Minimum number of different primes that sum to x

Question

How can we develop a dynamic programming algorithm that calculates the minimum number of different primes that sum to x?

Assume the dynamic programming calculates the minimum number of different primes amongst which the largest is p for each couple of x and p. Can someone help?

Answer 1

First of all, you need a list of primes up to x. Let's call this array of integers primes.

Now we want to populate the array answer[x][p], where x is the sum of primes and p is maximum for each prime in the set (possibly including, but not necessarily including p).
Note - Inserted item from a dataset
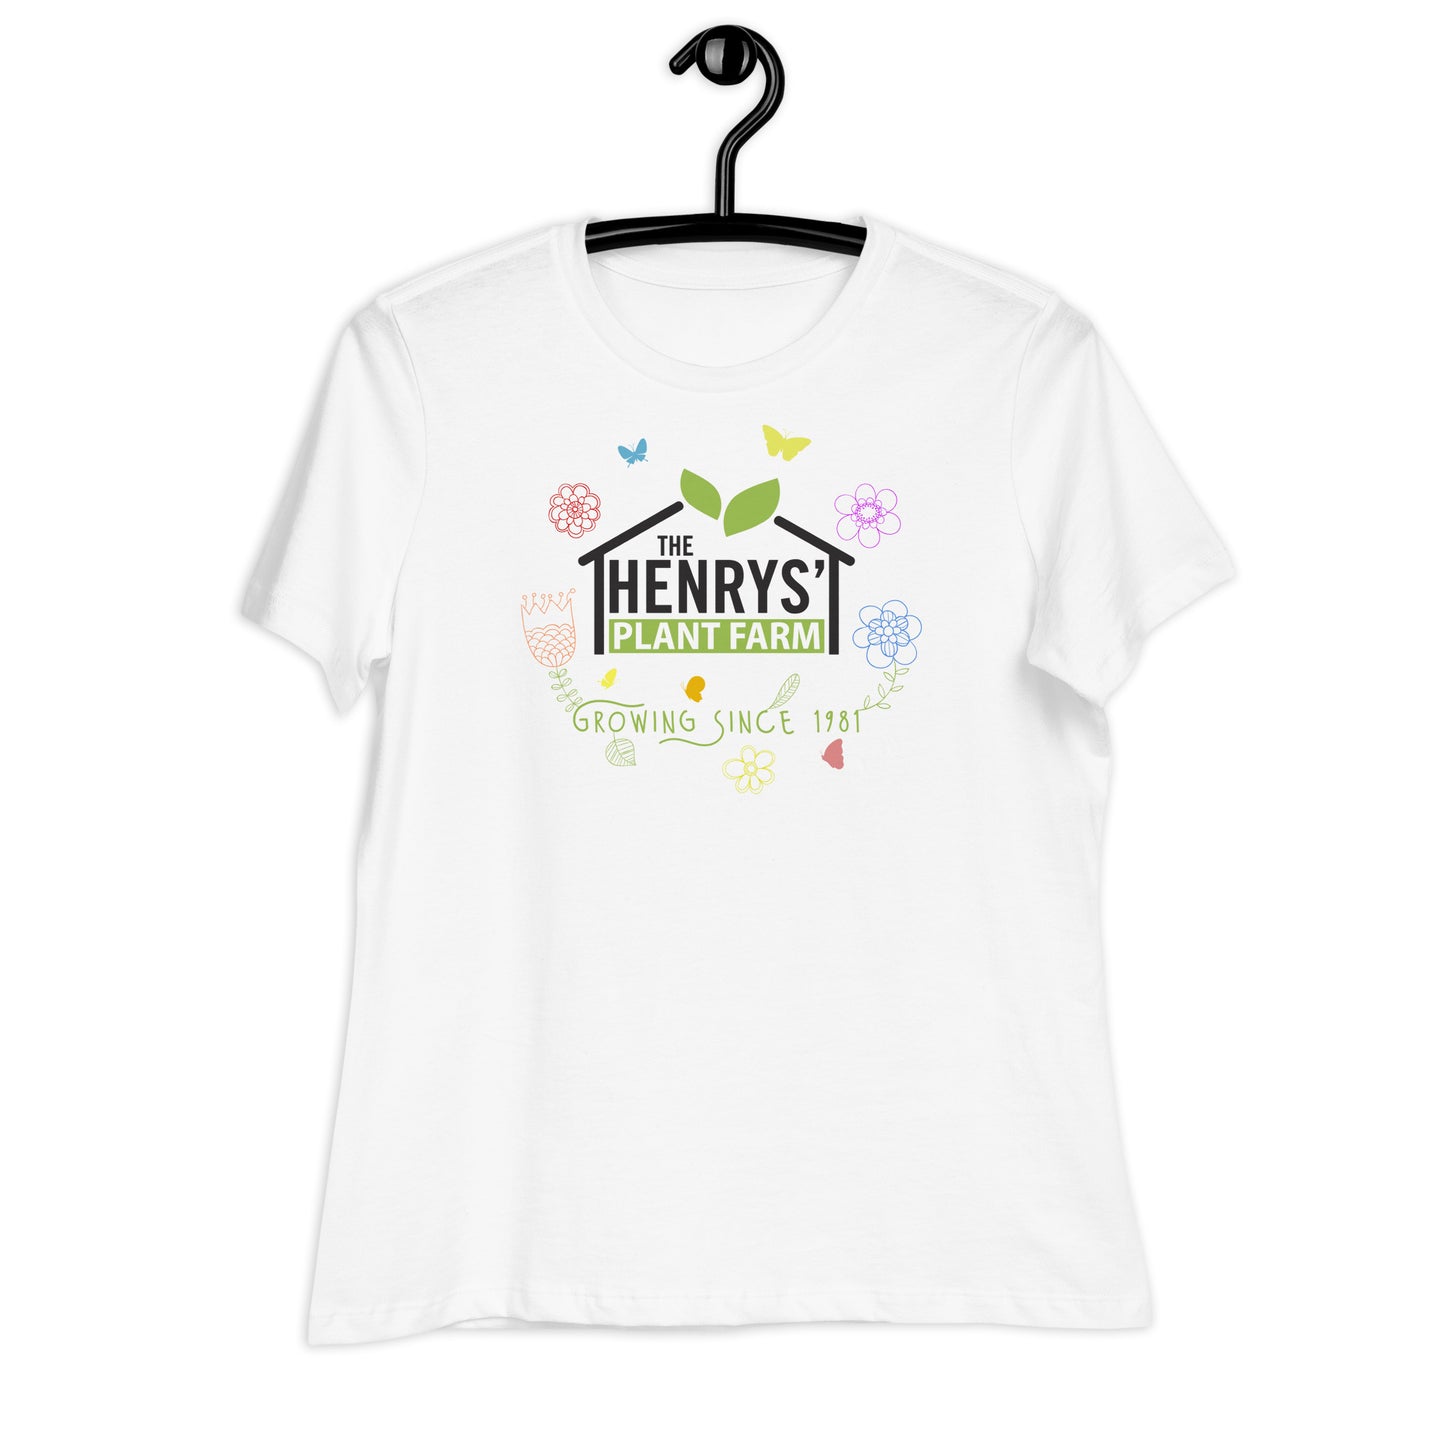 The Henrys' Plant Farm Growing Since 1981 - Women's T-Shirt

There are 3 possibilities for answer[x][p] after all calculations:

1) if p=x and p is prime => answer[x][p] contains 1

2) if it's not possible to solve problem for given x, p => answer[x][p] contains -1

3) if it's possible to solve problem for given x, p => answer[x][p] contains number of primes

There is one more possible value for answer[x][p] during calculations:

4) we did not yet solve the problem for given x, p => answer[x][p] contains 0

It's quite obvious that 0 is not the answer for anything but x=0, so we are safe initializing array with 0 (and making special treatment for x=0).

To calculate answer[x][p] we can iterate (let q is prime value we are iterating on) through all primes up to (including) p and find minimum over 1+answer[x-q][q-1] (do not consider all answer[x-q][q-1]=-1 cases though). Here 1 comes for q and answer[x-q][q-1] should be calculated in recursive call or before this calculation.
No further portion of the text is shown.